2) Schema Enforcement & Evolution

Explicit changes

ALTER TABLE my_catalog.my_schema.sales ADD COLUMNS (channel STRING);

ALTER TABLE my_catalog.my_schema.sales RENAME COLUMN channel TO sales_channel;

ALTER TABLE my_catalog.my_schema.sales DROP COLUMN sales_channel;

-- Widening/compatible type change (when supported)
ALTER TABLE my_catalog.my_schema.sales ALTER COLUMN amount SET DATA TYPE DECIMAL(18,2);

Automatic schema merging (session)

SET spark.databricks.delta.schema.autoMerge.enabled = true;

Upsert pattern (SCD0/1-like)

MERGE INTO my_catalog.my_schema.sales as t
USING my_catalog.my_schema.sales_updates as s
ON t.id = s.id
WHEN MATCHED THEN UPDATE SET *
WHEN NOT MATCHED THEN INSERT *;

3) Housekeeping Table Properties

Adjust retention and CDF

ALTER TABLE my_catalog.my_schema.sales SET TBLPROPERTIES (
    delta.logRetentionDuration = '30 days', -- keep transaction log
    delta.deletedFileRetentionDuration = '7 days', -- keep deleted files
    delta.checkpointInterval = 10, -- commits between checkpoints
    delta.enableChangeDataFeed = true, -- enable CDF
    delta.appendOnly = 'false' -- set to 'true' for append-only tables
);

SHOW TBLPROPERTIES my_catalog.my_schema.sales;

4) Constraints, Identity, Defaults, Generated Columns

Data quality checks

ALTER TABLE my_catalog.my_schema.sales ADD CONSTRAINT non_negative_amount CHECK (amount >= 0);

-- Drop constraint
ALTER TABLE my_catalog.my_schema.sales DROP CONSTRAINT non_negative_amount;

NOT NULL & DEFAULT values

ALTER TABLE my_catalog.my_schema.sales ALTER COLUMN country SET NOT NULL;

ALTER TABLE my_catalog.my_schema.sales ALTER COLUMN country SET DEFAULT 'UNK';

Identity column (example)

id BIGINT GENERATED ALWAYS AS IDENTITY (START WITH 1 INCREMENT BY 1)

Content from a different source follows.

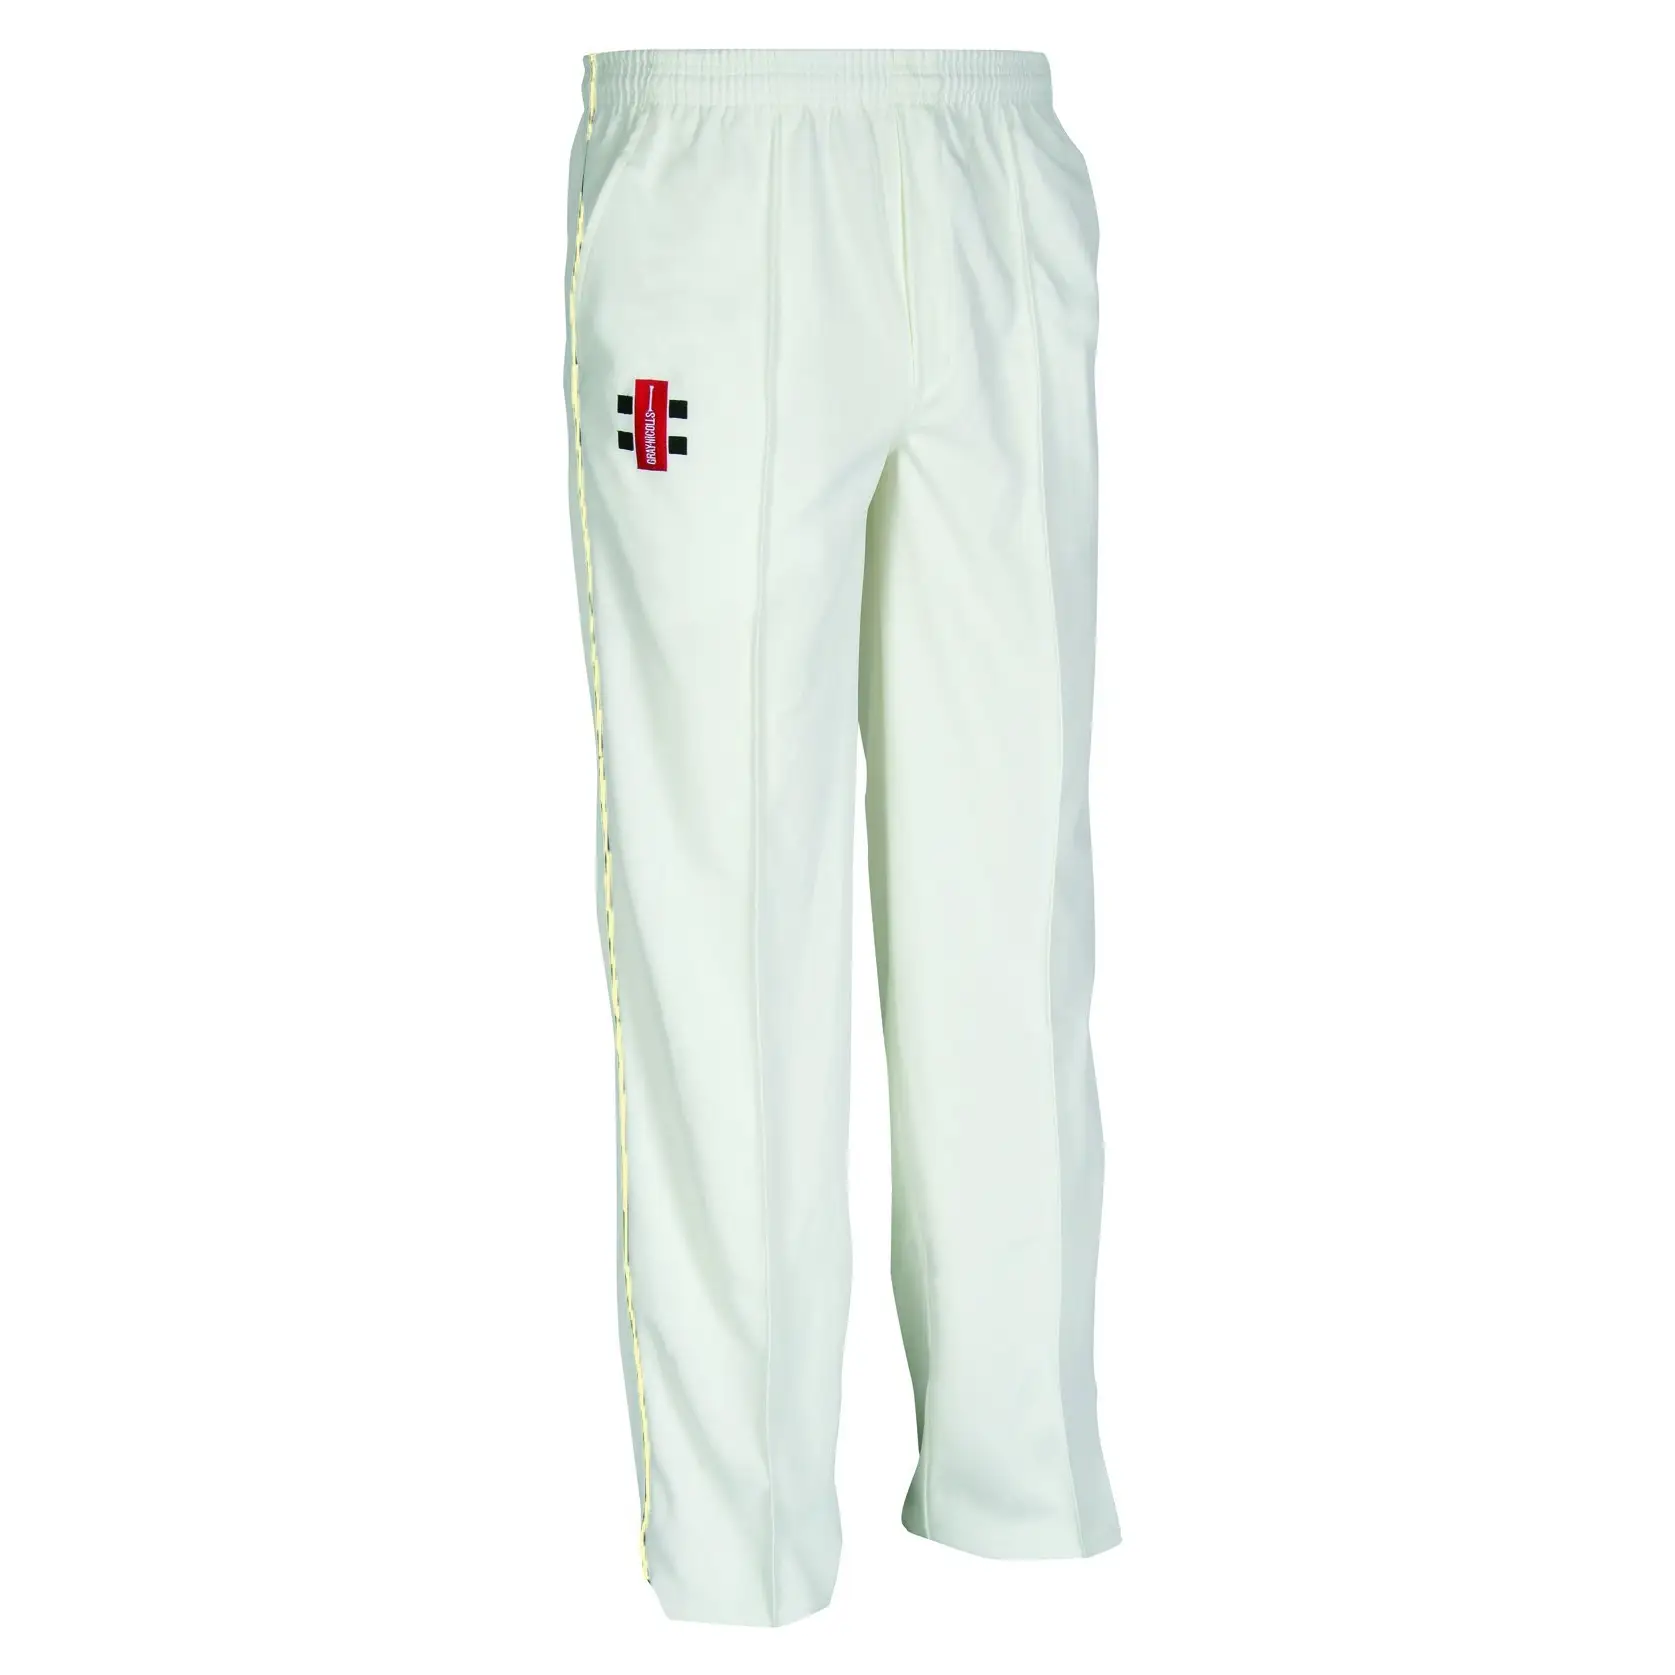 Cricket White Trousers  Prokicksports
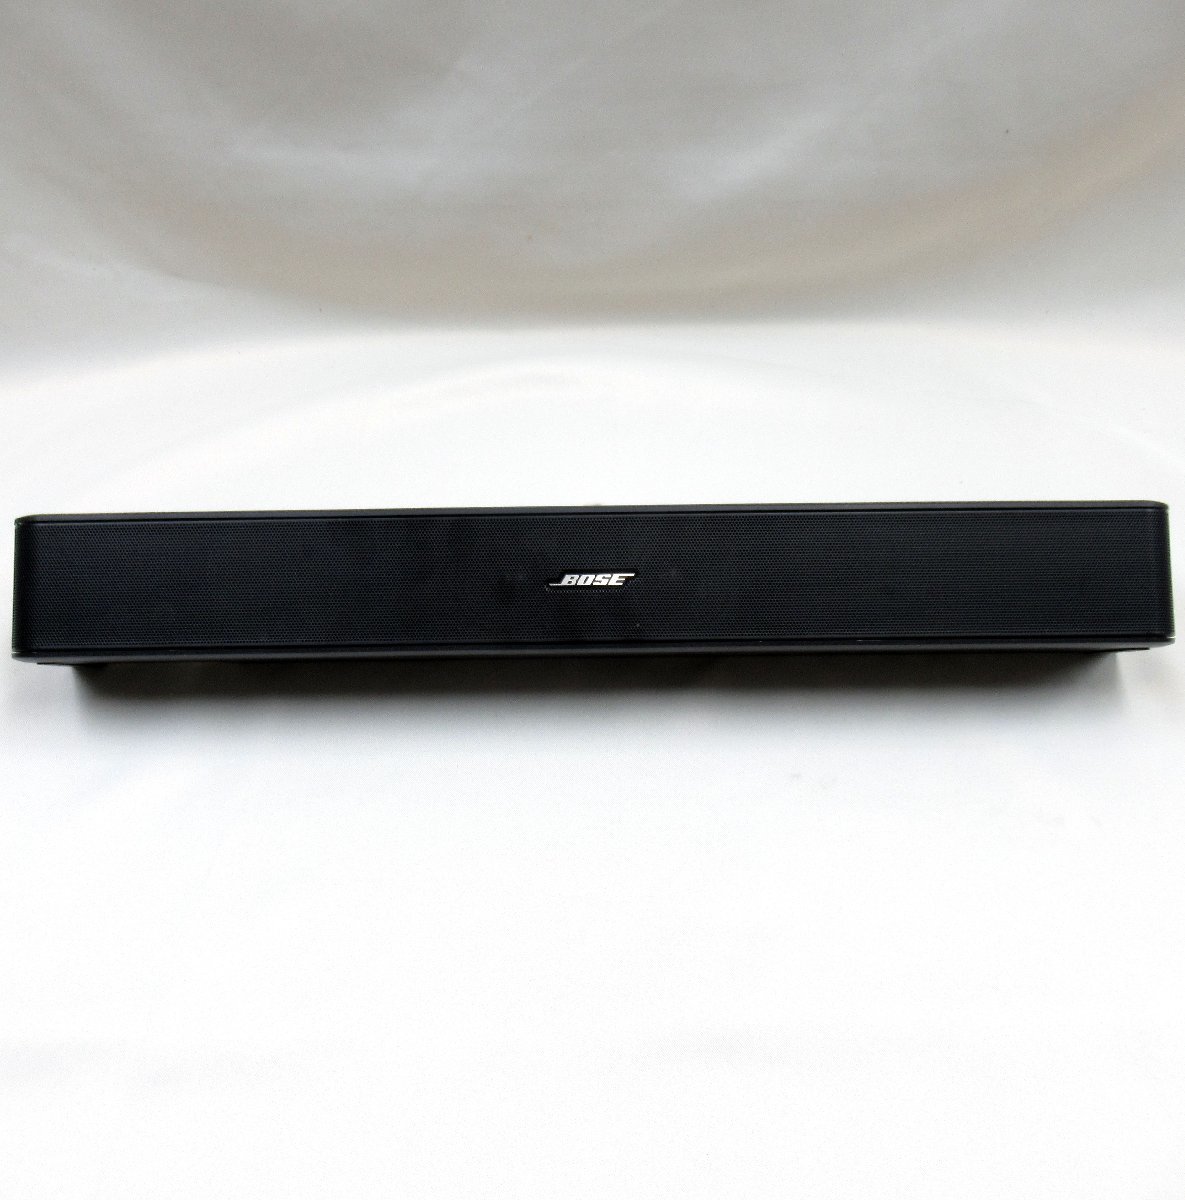 33022円 新しいコレクション Bose TV Speaker テレビスピーカー Bluetooth 接続 59.4 cm W x 5.6 H 10.2 D 2.0 kg ブラック

5) Time Travel, Restore, and Clones

Query historical data

SELECT * FROM my_catalog.my_schema.sales VERSION AS OF 10;

SELECT * FROM my_catalog.my_schema.sales TIMESTAMP AS OF '2025-01-01 00:00:00';

Restore table (atomic)

RESTORE TABLE my_catalog.my_schema.sales TO VERSION AS OF 10;

RESTORE TABLE my_catalog.my_schema.sales TO TIMESTAMP AS OF '2025-01-01 00:00:00';

Cloning for dev/test

-- A shallow clone creates a cheap, fast copy of the metadata
CREATE OR REPLACE TABLE my_catalog.my_schema.sales_dev SHALLOW CLONE my_catalog.my_schema.sales;

-- A deep clone makes a full physical copy of the data at the time of the clone
CREATE OR REPLACE TABLE my_catalog.my_schema.sales_backup DEEP CLONE my_catalog.my_schema.sales;

6) Change Data Feed (CDF)

Query changes with SQL

SELECT *
FROM table_changes('my_catalog.my_schema.sales', 100, 120); -- versions [start, end]

Read CDF in PySpark (batch)

from pyspark.sql.functions import col
df = (spark.read
  .format("delta")
  .option("readChangeFeed", "true")
  .option("startingVersion", 100)
  .option("endingVersion", 120)
  .table("my_catalog.my_schema.sales"))
display(df)

Read CDF in Structured Streaming

sdf = (spark.readStream
  .format("delta")
  .option("readChangeFeed", "true")
  .option("startingVersion", "latest")
  .table("my_catalog.my_schema.sales"))

query = (sdf.writeStream
  .format("delta")
  .option("checkpointLocation", "/chk/sales_cdf_consumer")
  .toTable("my_catalog.my_schema.sales_cdc_out"))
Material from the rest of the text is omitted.